Taking the logarithm of a certain probability turns it into a more manageable number.
Category Log Probabilities
The Log Probability of a category is merely the log of the proportion a text appears in a sample.
If you take a data set of text messages and 70% is not spam but 30% is spam, the proportion that is not-spam is 0.70 and the proportion that is spam is 0.30.
However, the log probability is as follows:
>>> np.log(0.70)
np.float64(-0.35667494393873245)
>>> np.log(0.30)
np.float64(-1.2039728043259361)
Word Log Probabilities
The Log Probability of a category is merely the log of the proportion a term appears in the sample of the author.
For instance, if an author uses the word 'the' 23 times and has a sample of 1000, the proportion is 0.023.
Likewise the log is as follows:
>>> np.log(0.023)
np.float64(-3.7722610630529876)
However before generating the log probability of each term, we want to ensure all words for all authors appears in the dictionary for a stated author.
This is because we want each author to have a value above zero for every term— even if they never used a stated term.
To do this, we want to increment the total count of a term by one before calculating the probability. As such, the word 'the' will have a count of 24 and a word not used by the stated author, but used by a different author, will be 1.
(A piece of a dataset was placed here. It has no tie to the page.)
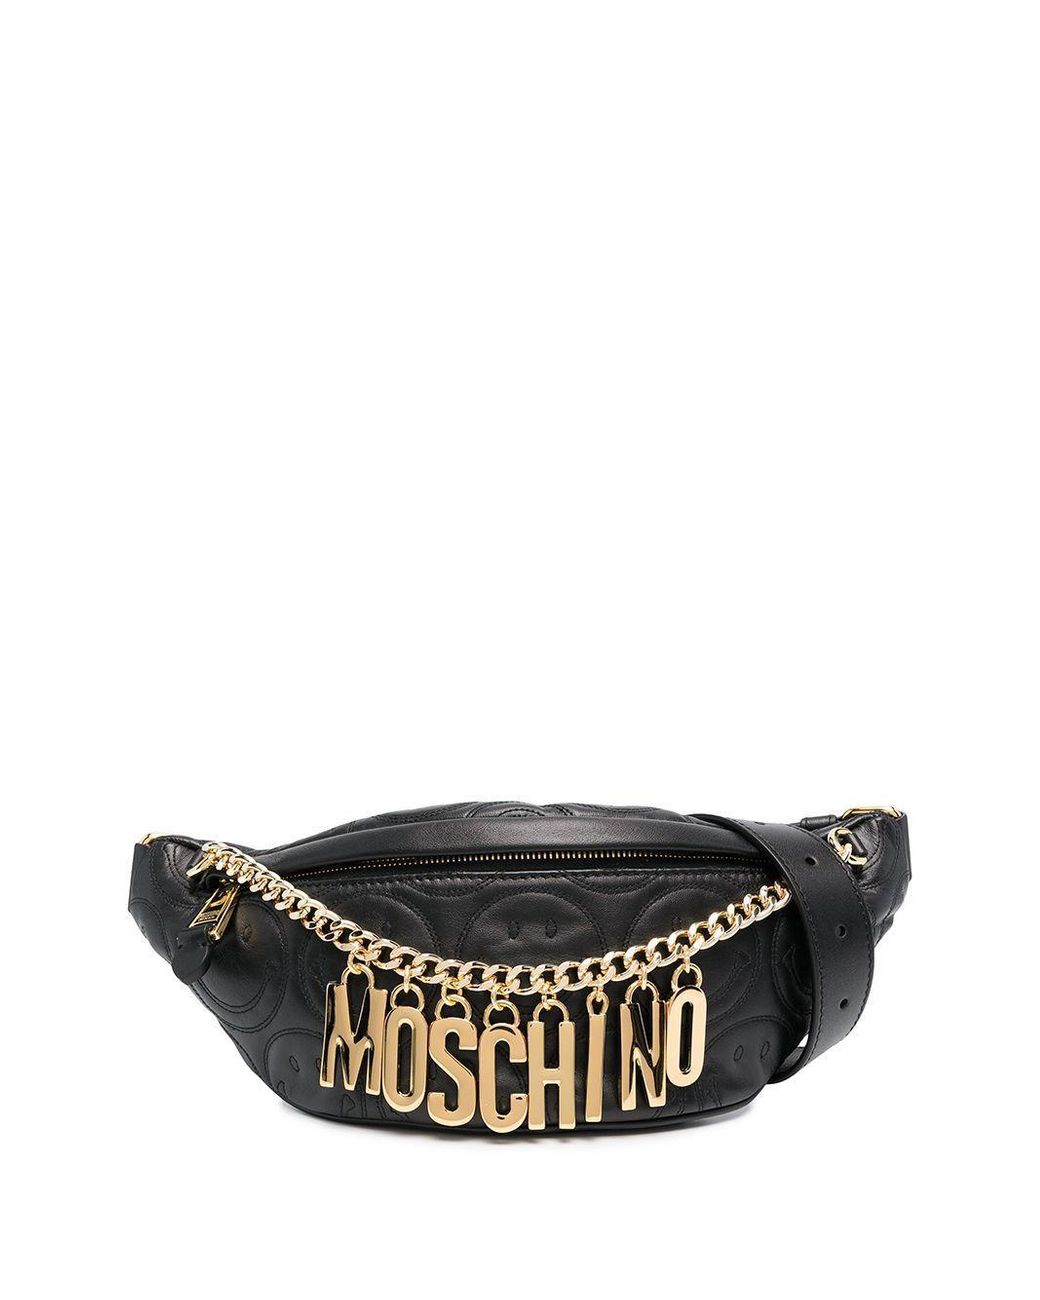 Moschino Leather Smiley Face Logo Belt Bag in Black | Lyst

As such, the log probability for the word 'the' where it appears 23 times in a data set of 100 words is:
>>> np.log(0.024)
np.float64(-3.7297014486341915)
Now that we have collected the log probability of each category and the log probability for each word, we can use these datasets to 'predict' what category a piece of text is.
And we have the log categories set to:
Category | Log Probability | Proportion |
---|---|---|
1 | -2.3025850929940455 | 10% |
2 | -1.6094379124341003 | 20% |
3 | -1.2039728043259361 | 30% |
4 | -0.6931471805599453 | 50% |
Those with a higher probability will have larger log probabilities.
Assume we have a dictionary with Word Log Probabilities for category one set to the following:
Word | Score |
---|---|
of | -4.685212894 |
wood | -8.207038263 |
balcony | -8.612503371 |
the | -3.915152898 |
to | -4.574398527 |
red | -8.581731713 |
doors | -8.581731713 |
which | -6.589301548 |
is | -5.748518368 |
extraordinary | -8.900185444 |
do | -7.282448728 |
not | -5.673010816 |
believe | -8.581731713 |
mother | -7.600902460 |
would | -6.124995940 |
smiling | -8.294049640 |
Let us find the log probability of category one for the following sentence:
"** Do not believe mother! The extraordinary red balcony of wood is strong!**"
The formula for a sentence's log prob is:
$y = catlog +\sum_{wordprobabilities}
$
For this sentence, this is:
>>> -2.3025850929940455 + -7.282448728 + -5.673010816 + -8.581731713 + -7.600902460 + -3.915152898 + -8.581731713 + -8.612503371 + -4.685212894 + -8.207038263 + -5.748518368 + -8.294049640
-79.48488595699406
>>>
In order to figure out which category best fits the training data, run the same steps against each category! The category with the highest total is the category that best fits the model!